If I well understood, you are looking for a development architecture/workflow to directly serve you sources to the browser (and use DevTools edition features btw). In fact, there are 2 things to do to achieve this.
1) For compiled/transpiled languages (SAAS, LESS, TypeScript, ...) and unsupported languages (ES6, ES7), you will need to compile/transpile them on the client side. Tools like LESS.js, typescript.js, BabelJS are great to do that. I don't know any SAAS compiler implementation in Javascript.
2) Then, you need 2 different html indexes. For example index.hml for production and dev.html for development.

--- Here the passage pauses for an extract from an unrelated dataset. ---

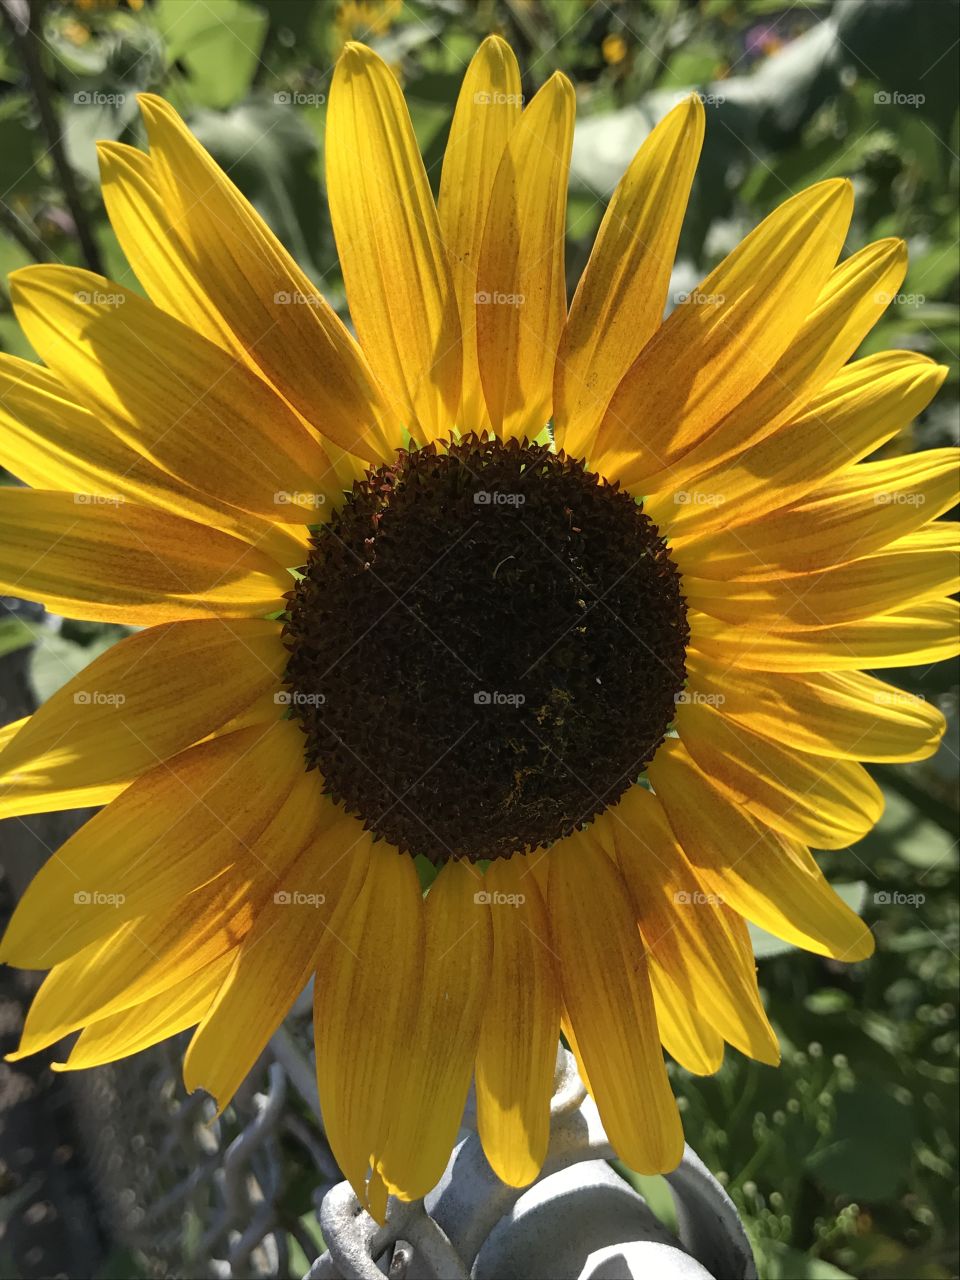 Sunflower, bright yellow up close

index.html with bundled (dist) files:
<!DOCTYPE html>
<html>
<head>
<title>App Title</title>
<link rel="stylesheet" type="text/css" href="dist/app.bundle.css">
<script type="text/javascript" src="dist/app.bundle.js"></script>
</head>
<body>
...
</body>
</html>
dev.html with all sources (src) files:
<!DOCTYPE html>
<html>
<head>
<title>App Title (Dev)</title>
<link rel="stylesheet/less" type="text/css" href="src/file1.less" />
<script type="text/javascript" src="src/file1.js"></script>
<script type="text/javascript" src="src/file2.js"></script>
<script type="text/javascript" src="src/file3.js"></script>
<script type="text/javascript" src="lib/less.js"></script>
</head>
<body>
...
</body>
</html>
This way, developers access the web app using, let's say http://localhost/dev.html and can enjoy all the goodness to have sources right in the browser. Without taking care of the compilation.
To apply such an architecture you may need to adapt client and/or server code and also build tools to work in both mode (prod and dev).
Hope I helped.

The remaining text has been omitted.